6 Conclusions and future works

SLI is a common condition globally, and early diagnosis is crucial to allow early instigation of effective treatments and the most optimal outcomes. However, the current diagnosis is time-consuming, expensive, and tedious. The prime objective of this work is to detect SLI using an accurate handcrafted learning method. The proposed handcrafted learning method uses a graph-based feature extraction (favipiravir pattern). Favipiravir is a drug developed to cure COVID-19. We investigated other abilities, for instance, graph-based feature extraction. To evaluate the effect of the favipiravir in machine learning, a textural extractor is proposed using the molecular structure of the favipiravir. The proposed favipiravir pattern-based learning method is developed to detect SLI automatically using a vowel dataset.

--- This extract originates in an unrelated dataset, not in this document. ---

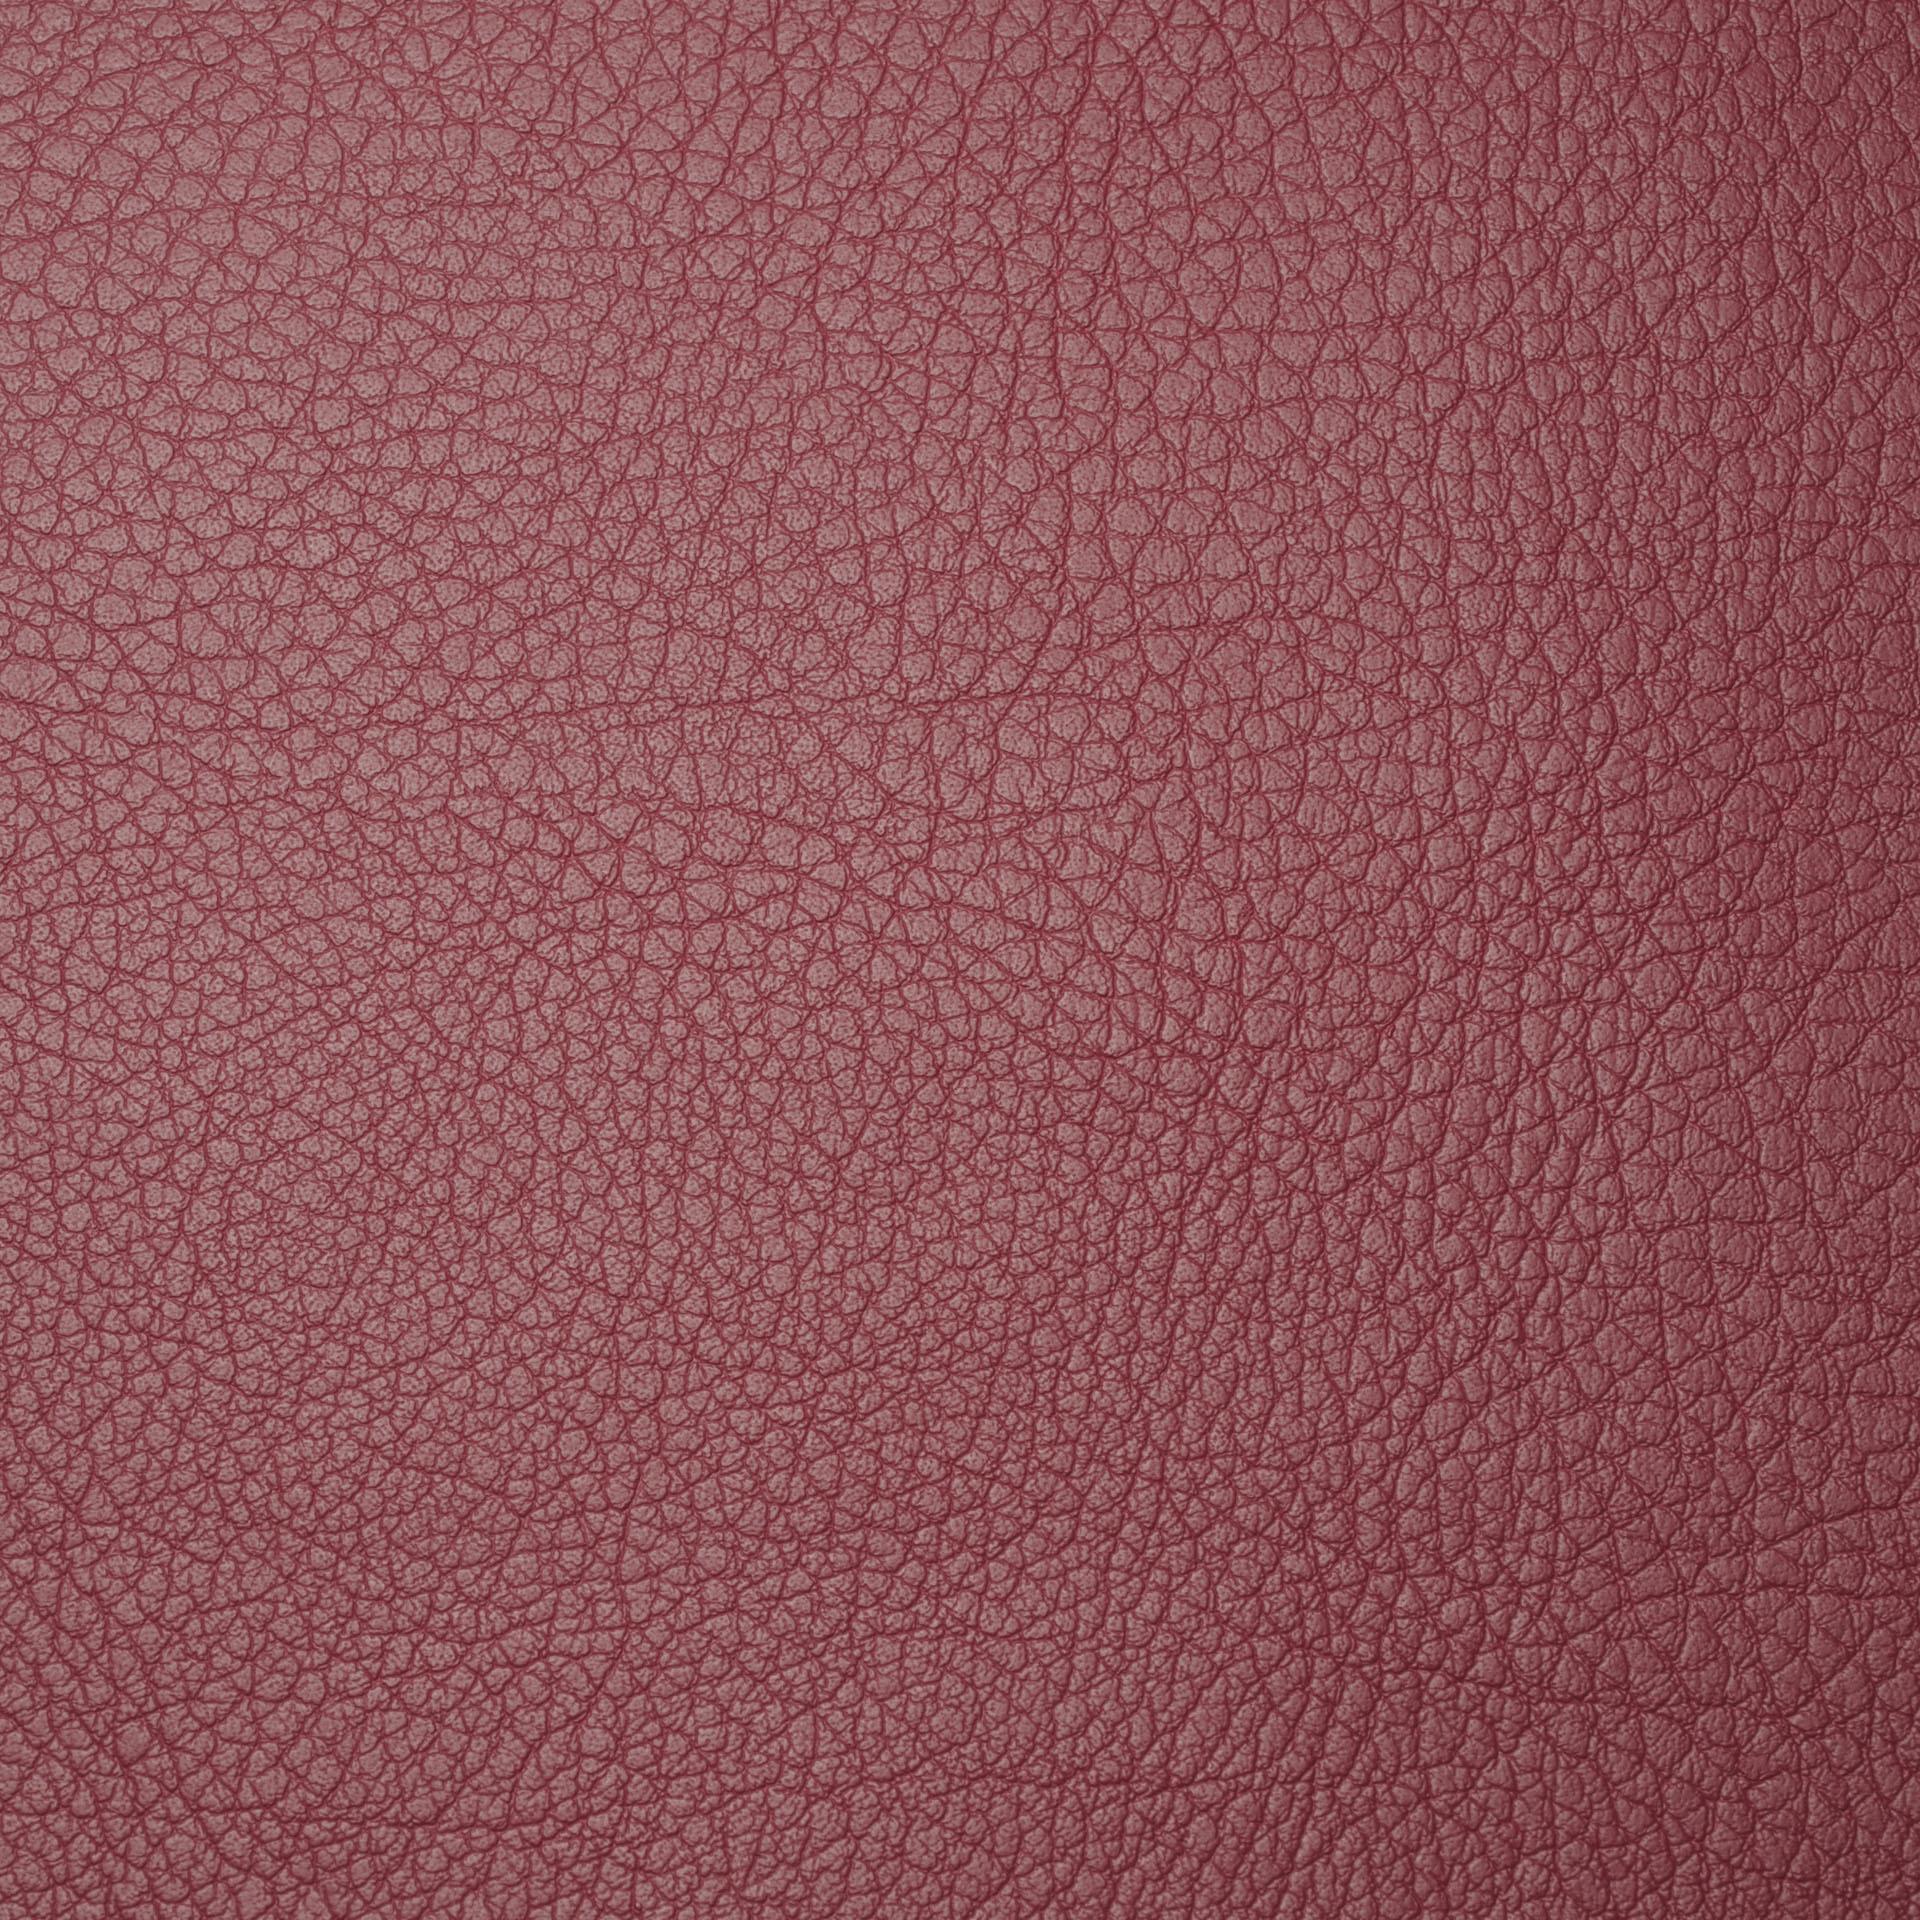 Коллекция ткани Софитель 15 Hot Pink,  купить ткань Кож зам для мебели Украина

We proposed a handcrafted learning architecture and used effective methods in this architecture to obtain high classification performance. Our main objective is to present a simple, highly accurate signal classification model. Thus, a multileveled hybrid feature extraction method is proposed using WPD, statistical feature extraction, and the suggested favipiravir pattern. INCA is used to choose the top features, and the selected features are classified using SVM classifier with tenfold and LOSO CV strategies.

Our developed model achieved an accuracy, precision, recall, and F1 score of 99.87 ± 0.18, 99.86 ± 0.19, 99.88 ± 0.18, and 99.87 ± 0.19, respectively, using SVM with a tenfold cross-validation strategy. These results justify the use of our proposed favipiravir molecular model in the detection of SLI accurately. Our proposal attained 98.86% classification accuracy with LOSO CV. The proposed favipiravir-based model and our architecture achieved the best classification performance compared to other state-of-art models.

Our generated model is accurate and developed using the public database. We plan to use bigger vowel datasets to detect SLI disorder in future. Also, we intend to use a new molecular structure-based deep model (like CNN since CNN uses convolution) to detect SLI accurately. This novel automated SLI detection system can potentially assist clinicians and educators in the accurate and early diagnosis of SLI. Furthermore, variable desktop/mobile applications can be developed by collecting huge databases and second-generation deep learning models to automatically diagnose SLI.